As many of you know, I am now working on a scholarly monograph dealing with an aspect of the afterlife, on the heels of having written a “trade” book (that is, for popular audiences) on the topic more broadly.  The trade book is coming out in March, and will be called Heaven and Hell: A History of the Afterlife; I am nearly finished researching the scholarly book — it’ll take another month or two — and then hope to have it written by the late spring.  It always takes much longer to write the scholarly than the trade books.  Lots of foonotes, among other things!   I don’t know what the monograph will be called: for now I’m calling it Otherworldly Journeys: Katabasis in the Early Christian Tradition.  I doubt if my publisher will let me use “katabasis” in the title, but we’ll see.

About five years ago I reflected on what it meant to write both popular and scholarly books on the same topic.  I’ve done it three times before in my career, and five years ago, in three posts, I described how the two books (each time) related to each other.  I thought that might be useful to repost, as I’m in the midst of doing it again.

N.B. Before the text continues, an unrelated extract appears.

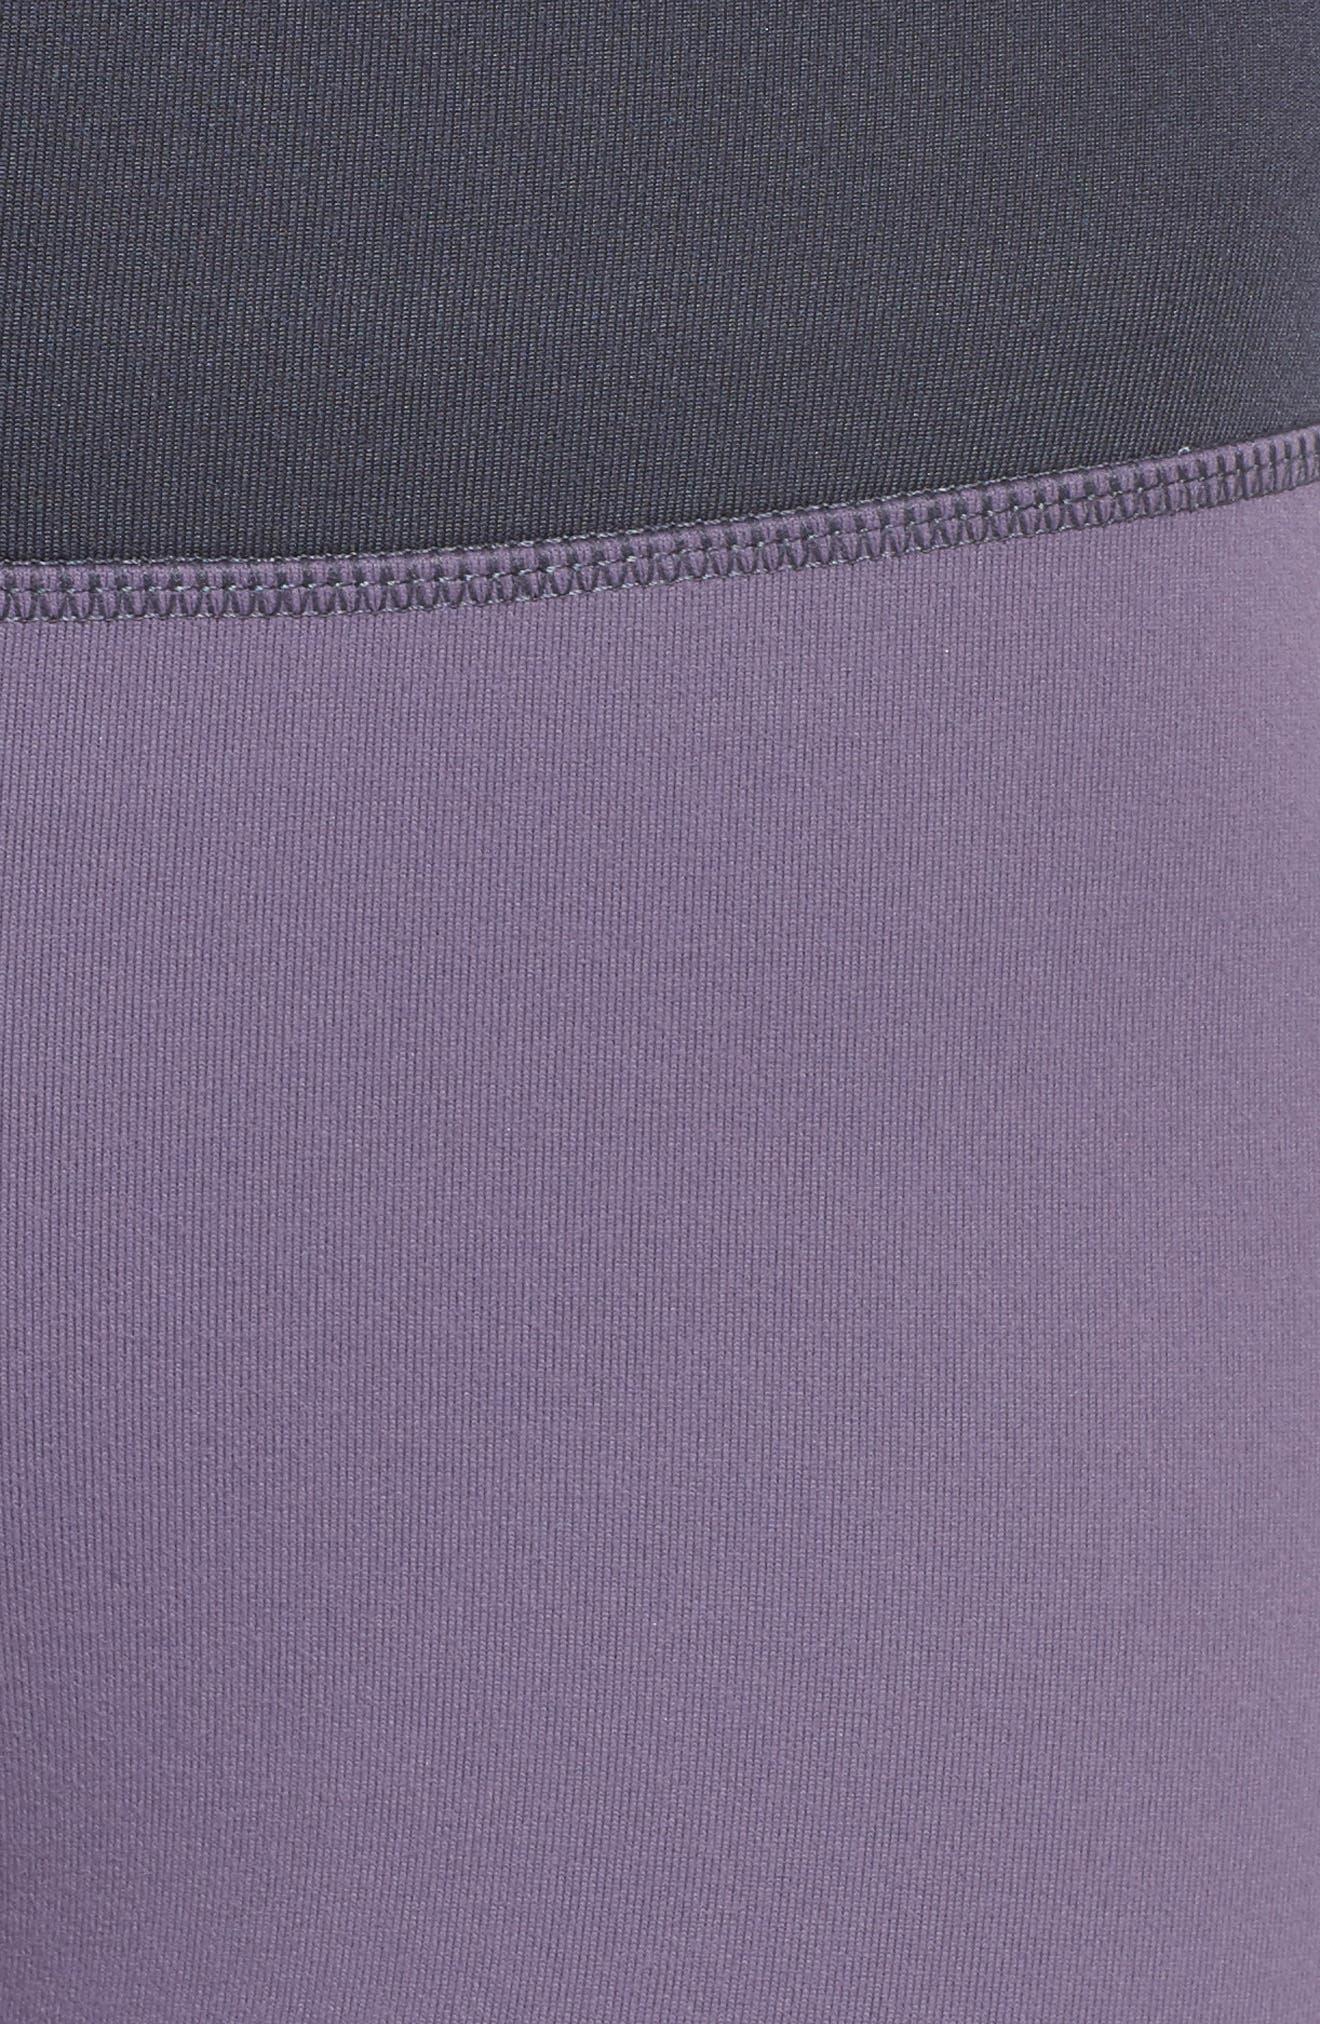 Around the Block High Waist Ankle Leggings,                             Alternate thumbnail 6, color,                             Purple Cadet

After I wrote and published my PhD dissertation on Didymus the Blind and the Text of the Gospels, I, well, had no plans of writing a trade book about it!  🙂   (And I should say, about twice a week I get an email from someone who tells me that they’ve read “all” my books.  I’m always tempted to ask how they liked my book on Didymus the Blind!)   In fact, at that stage of my career, in my early 30s, I had no plans AT ALL, ever, at any time, to write a trade book.  I saw myself as a scholar’s scholar.  I worked in a highly technical area of New Testament studies, the most technical area there is – textual criticism.  And I worked in a particularly technical area even within that wider technical field, analyzing patristic citations of the New Testament.   It was hard enough to explain to people what I was doing, let alone get anyone interested in it.  And there was no way to make it accessible, let alone intriguing, to outsiders.  It was completely an inside job.